▸ Instructions to follow
Give again, word for word, every line in the entries below from the line with "Maigrir avec la" up to and including the line with "Pin de fadwa", and no other line.

▸ Data section

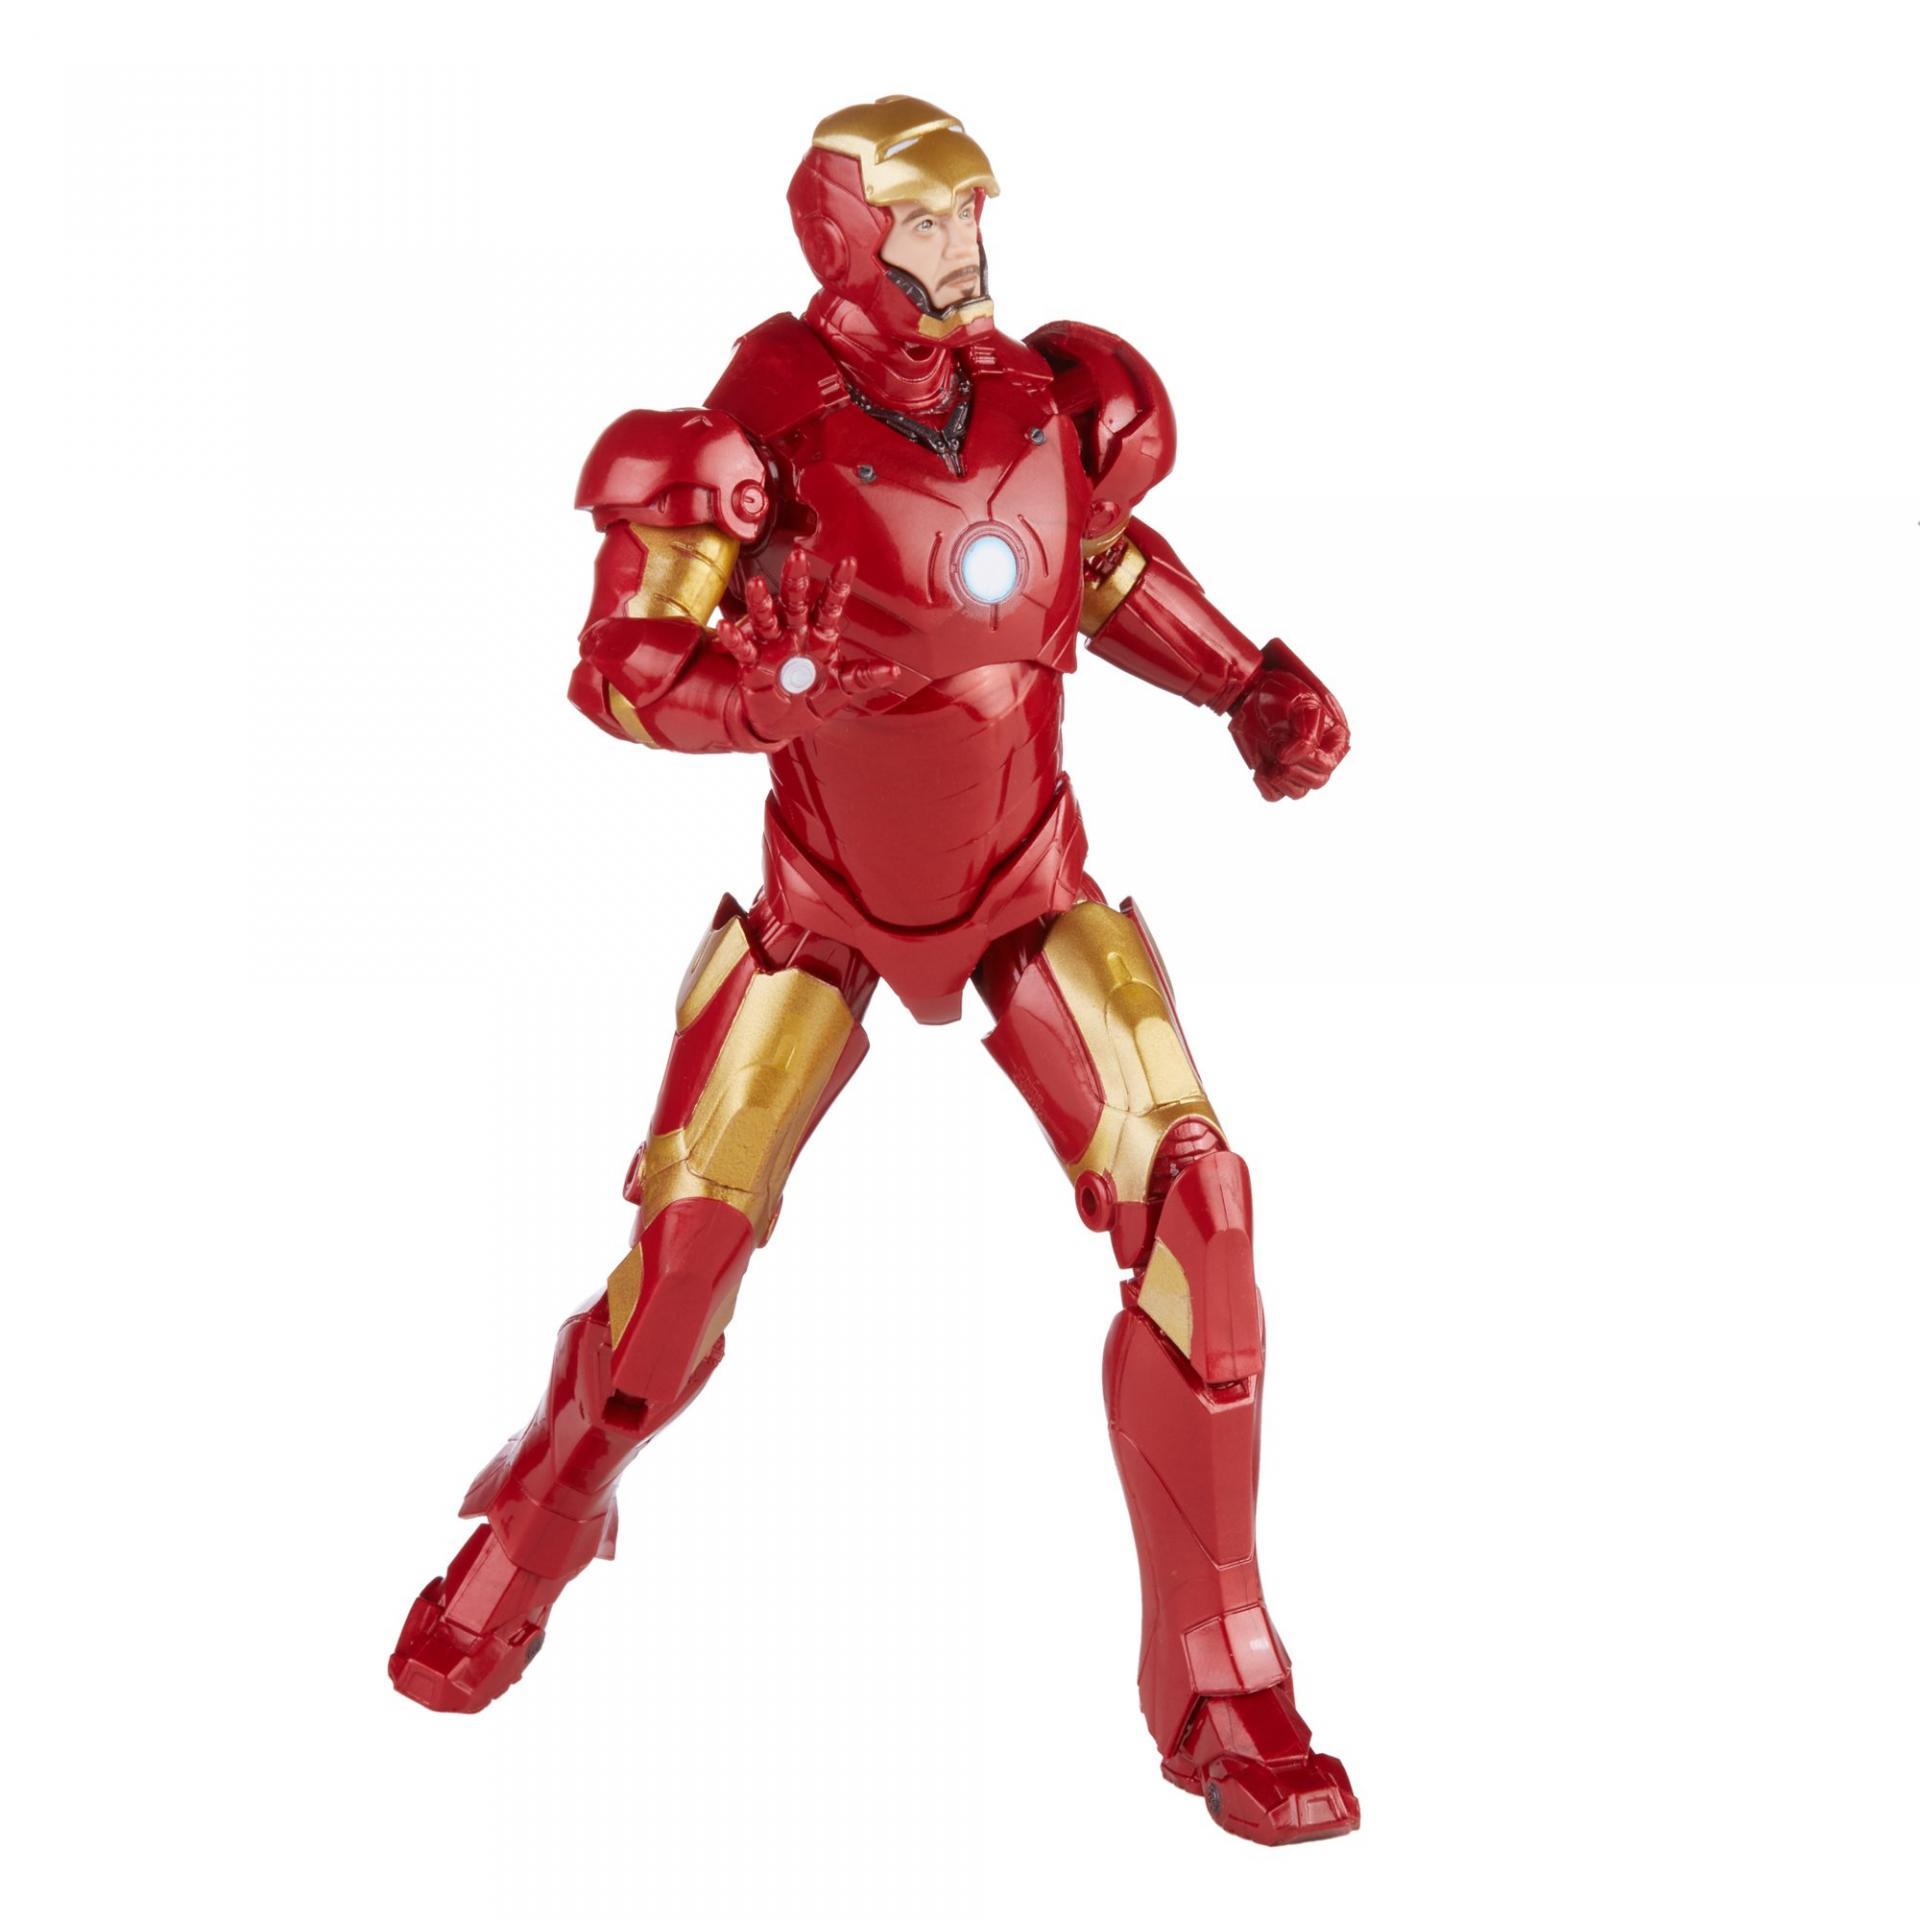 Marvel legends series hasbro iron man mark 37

* * *

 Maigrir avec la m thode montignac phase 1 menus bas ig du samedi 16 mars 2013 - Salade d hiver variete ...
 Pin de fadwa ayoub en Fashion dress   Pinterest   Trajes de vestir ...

...

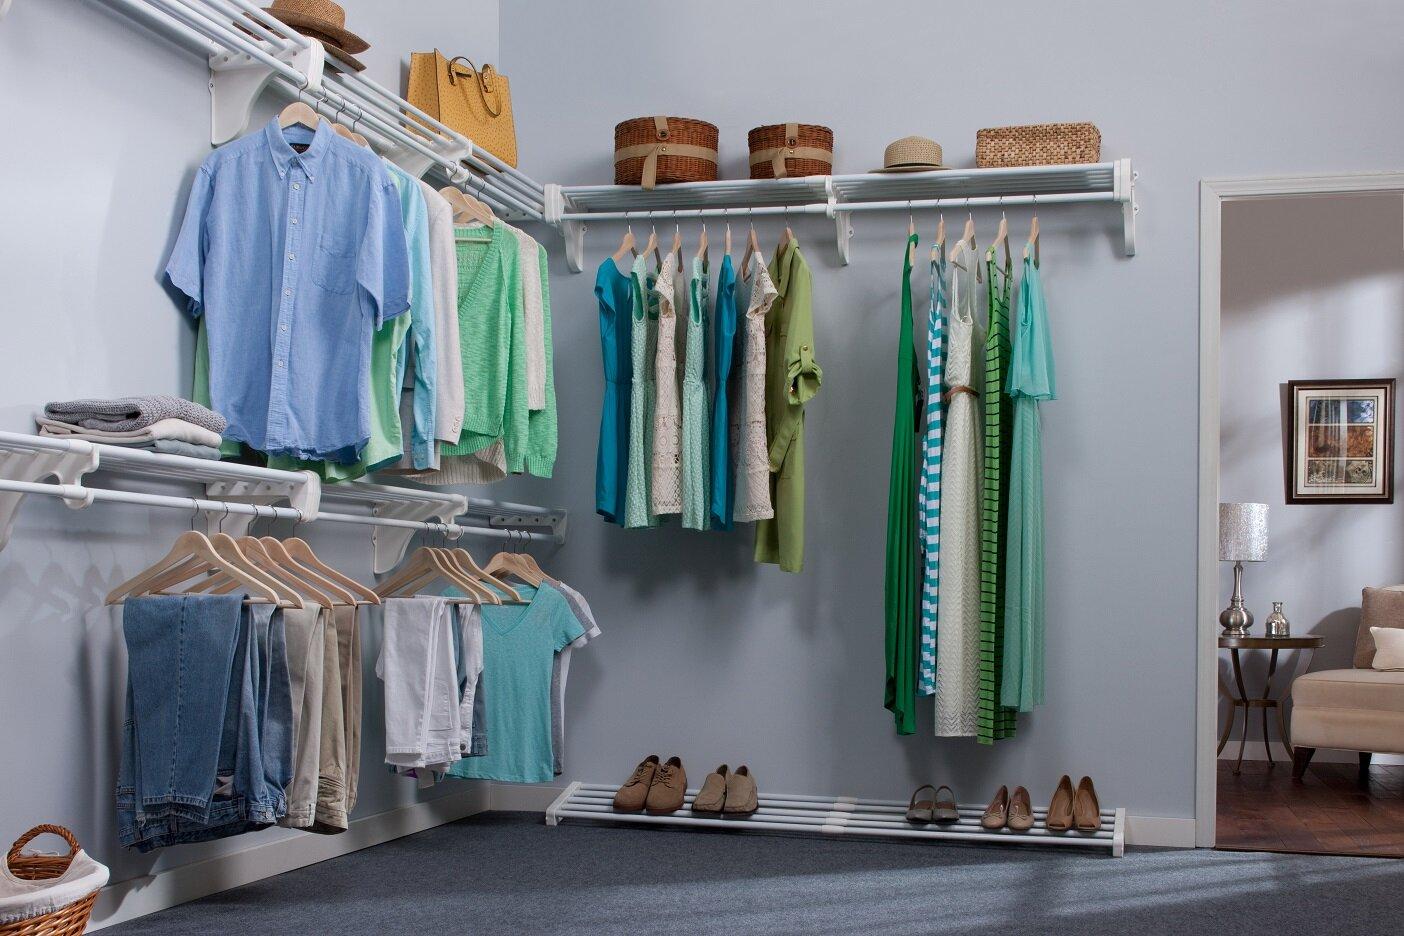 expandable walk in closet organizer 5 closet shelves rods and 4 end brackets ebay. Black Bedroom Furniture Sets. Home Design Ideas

▸ Solution to this exercise
 Maigrir avec la m thode montignac phase 1 menus bas ig du samedi 16 mars 2013 - Salade d hiver variete ...
 Pin de fadwa ayoub en Fashion dress   Pinterest   Trajes de vestir ...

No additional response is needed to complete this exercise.